The MCTAG leadership, which coordinates a unit team-building event at least once-a-month, broke down the group of Marines into eight five-man teams comprised of Marines from different sections. These teams then competed against each other across 17 man-made obstacles that challenged them as a team both physically and mentally.

"Training events, such as the obstacle course, are great for the unit as well as the individual Marine or Sailor,” said Sgt. Maj. Thomas Hall, MCTAG sergeant major. “Obstacle courses, conditioning hikes, or field meets are examples of training events that build unit camaraderie and esprit de corps.  Too often units become so busy with the day-to-day hustle and bustle that they forget to have fun.”
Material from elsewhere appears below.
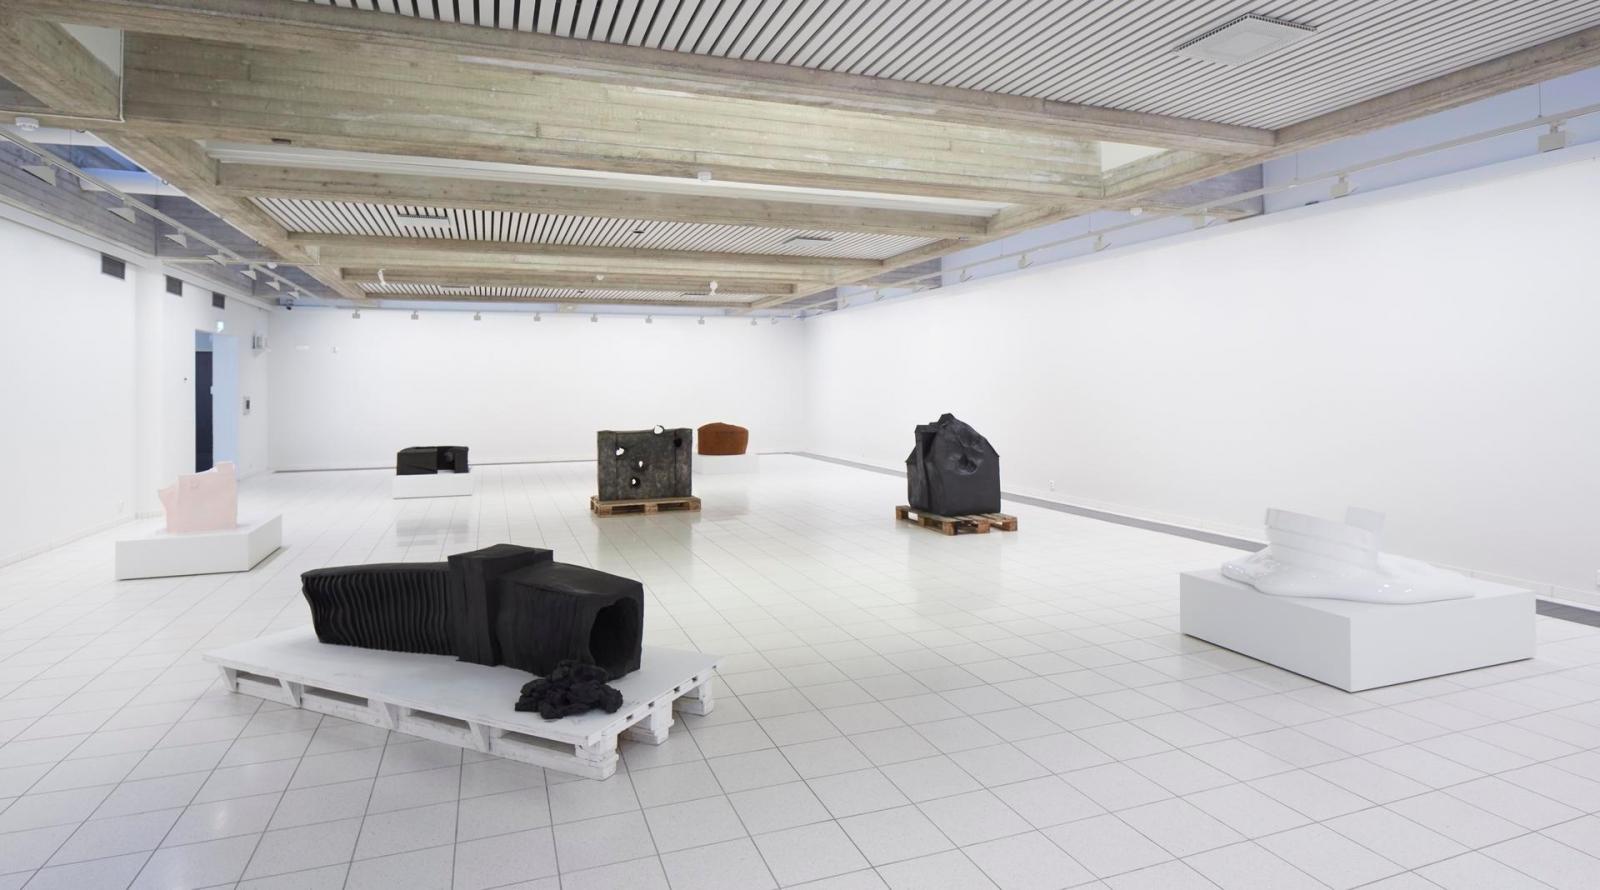 Erwin Wurm:Disruption

According to Hall, “maybe the first ten minutes or so, the cold weather had many Marines and Sailors question how much fun they were going to have, however, once the unit was divided into teams and they started attacking the obstacles everyone forgot about the cold; motivation, teamwork, and competitiveness had taken over.”

If training as a team was one of the major objectives of the competition than the objective of the competition was met according to Hall, “Challenging training builds confidence and motivates Marines and Sailors. Most Marines joined the Corps expecting a challenge.  It is our responsibility as leaders to routinely challenge our Marines with tough physical training.  By successfully completing obstacles Marines become more confident in physical toughness and when an obstacle proves too challenging to make alone, they quickly discover that their fellow Marines are there to help.  It's all about the team.”

The superior MCTAG team on this day completed the course in six minutes and 34 seconds. The team included Capt. Scott Benninghoff, logistics officer, Master Sgt. Christopher Manuel, intelligence chief, Gunnery Sgt. Ryan Tracy, motor transport chief, Sgt. James C. Adams Jr., maintenance management clerk, and Lance Cpl. Cornail Gaymon, training instructor group noncommissioned officer.

“Team building events like this are an excellent way to break down the stovepipes that tend to develop within an organization,” said Benninghoff who is a native of Hammond, IN.  Competing with fellow Marines from throughout the unit has a direct impact on intersectional communication and team work back in the shop.”
Although no tangible awards were handed out to any of the placing teams, MCTAG Marines and Sailors left the obstacle course with much more than recognition. 

“It is not every day that you get to create a team from officers, staff noncommissioned officers and junior Marines from different sections,” said Gunnery Sgt. John Jones, supply chief at MCTAG. “Events like this are great for building trust and camaraderie within every Marine in the unit.”

“Another great benefit from unit training, particular when private through colonel are participating in the training, is unit pride,” Hall said with a smile.  “Young Marines and Sailors want their leaders to see them perform, as well as see their leaders perform.  It is these types of events that the Marines and Sailors will go back to their work areas or the BEQ (bachelor enlisted quarters) and laugh and joke about things they did or saw.  At the end of the day it is good to see Marines with a big smile on their cold and dirty face and know they are having fun doing what Marines do."